Under the ATM program, we may enter into separate forward sale agreements with affiliates of the agents as forward purchasers. We expect to fully physically settle each forward sale agreement. However, we will generally have the right, subject to certain exceptions, to elect to cash settle or net share settle all or any portion of our obligations under any such forward sale agreement. With respect to forward sale agreements with any forward purchaser, we expect that such forward purchaser (or its affiliate) will attempt to borrow from third parties and sell, through the relevant agent acting as sales agent for such forward purchaser, shares of our common stock to hedge such forward purchaser’s exposure under such forward sale agreement. We will not receive any proceeds from any sale of shares borrowed by a forward purchaser (or its affiliate) and sold through a forward seller. The forward seller will receive a commission, in the form of a reduction to the initial forward price under the related forward sale agreement, at a mutually agreed rate that will not exceed (subject to certain exceptions) 1.0% of the volume-weighted average of the gross sales price per share of all of the borrowed shares of Sempra common stock sold through such forward seller.
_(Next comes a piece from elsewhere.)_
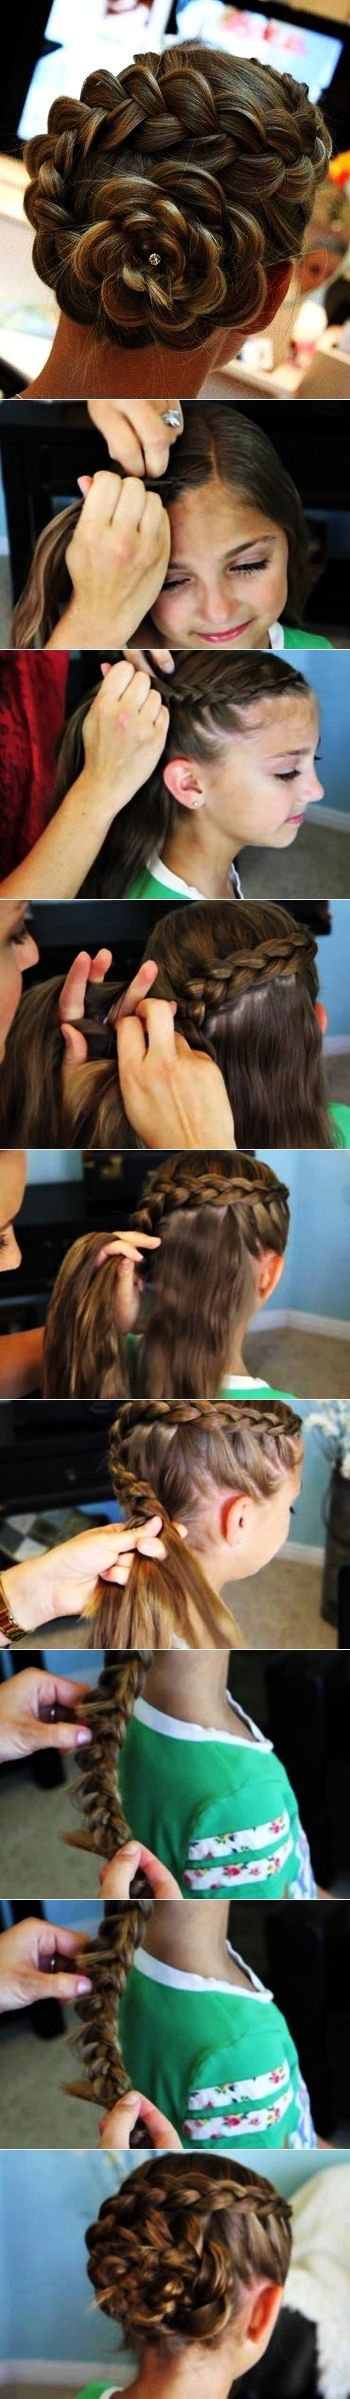 Diy side braid rose flower hairstyle tutorial scary hair style
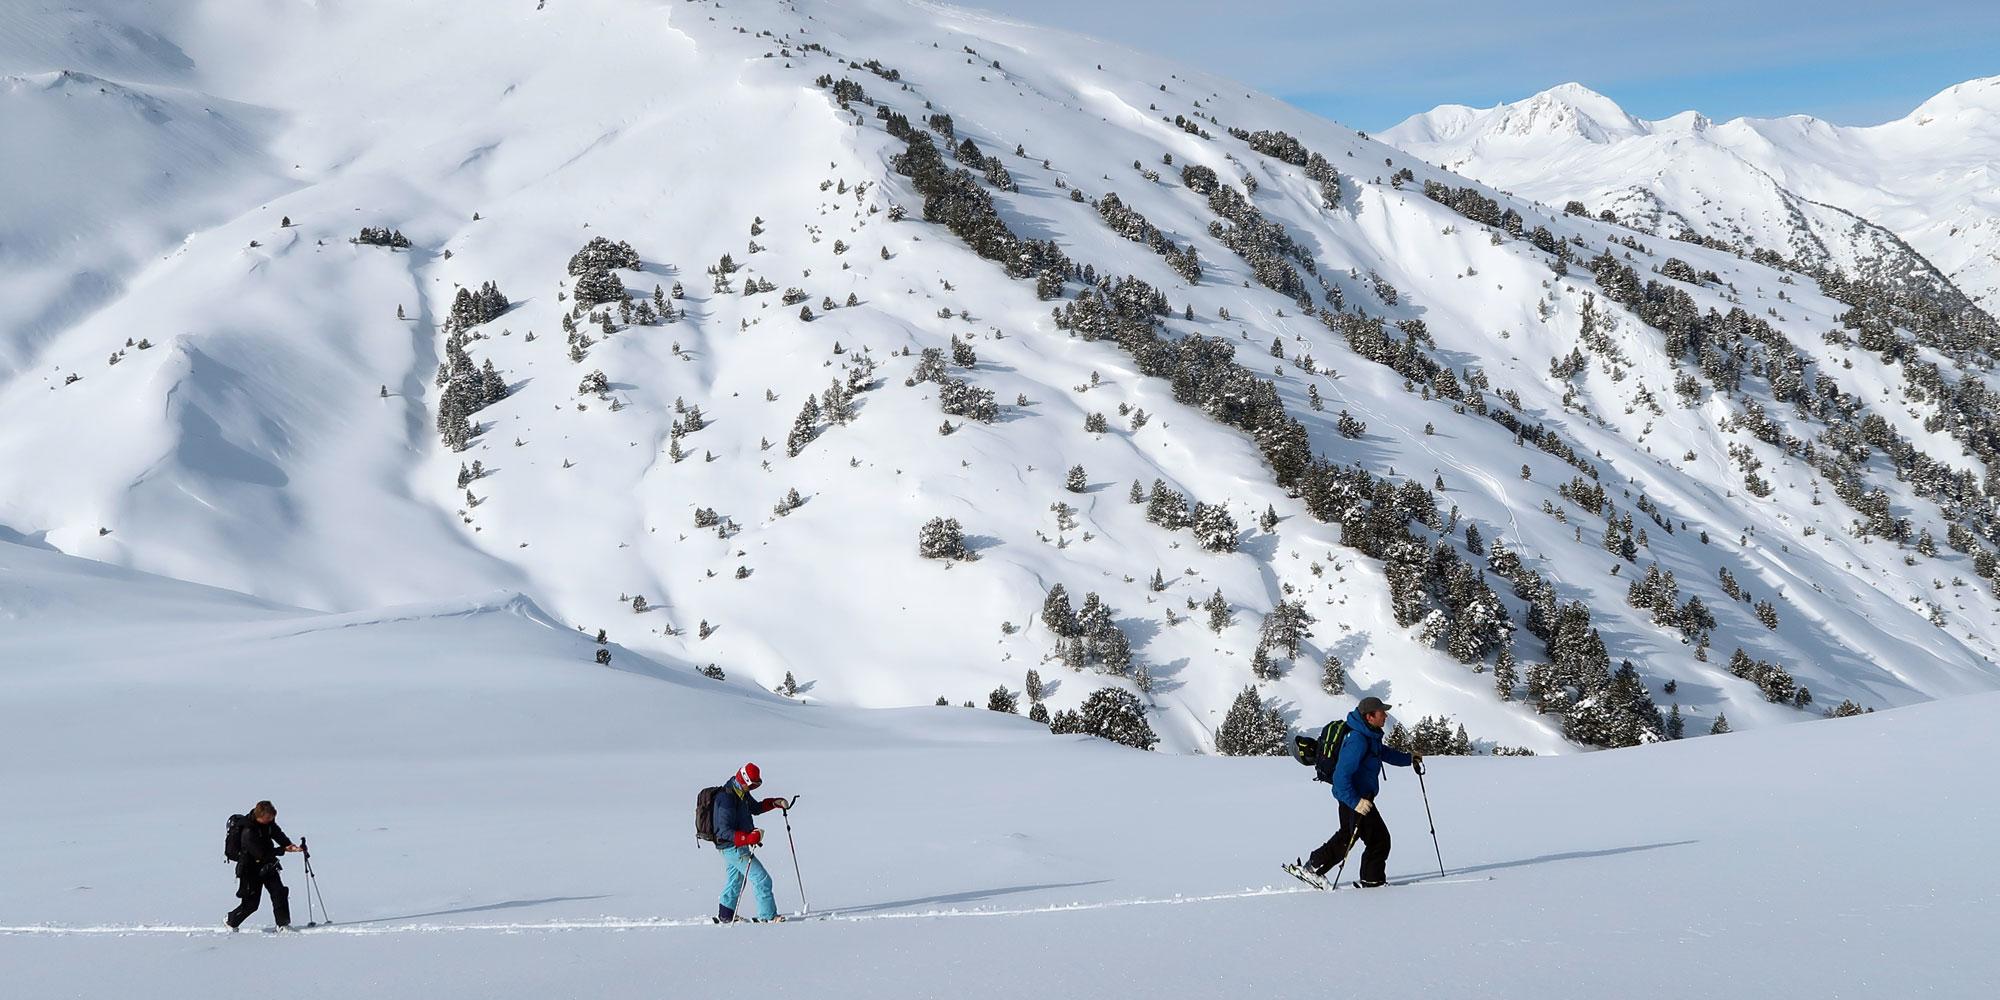 Off-piste skiers

We intend to use a substantial portion of the net proceeds we receive from the issuance and sale by us of any shares of our common stock to or through the agents and any net proceeds we receive through the settlement of any forward sale agreements with the forward purchasers for working capital and other general corporate purposes, including to partly finance our long-term capital plan and to repay outstanding commercial paper and potentially other indebtedness. At June 30, 2025, approximately $2.6 billion of common stock remained available for sale under the ATM program, which reflects the forward sale agreements that we describe below.
Forward Sale Agreements
Since establishing the ATM program, an aggregate of 4,996,591 shares have been sold under the forward sale agreements described below with an average initial forward price of $83.175. Such average initial forward price is weighted to take into account the number of shares sold under each forward sale agreement.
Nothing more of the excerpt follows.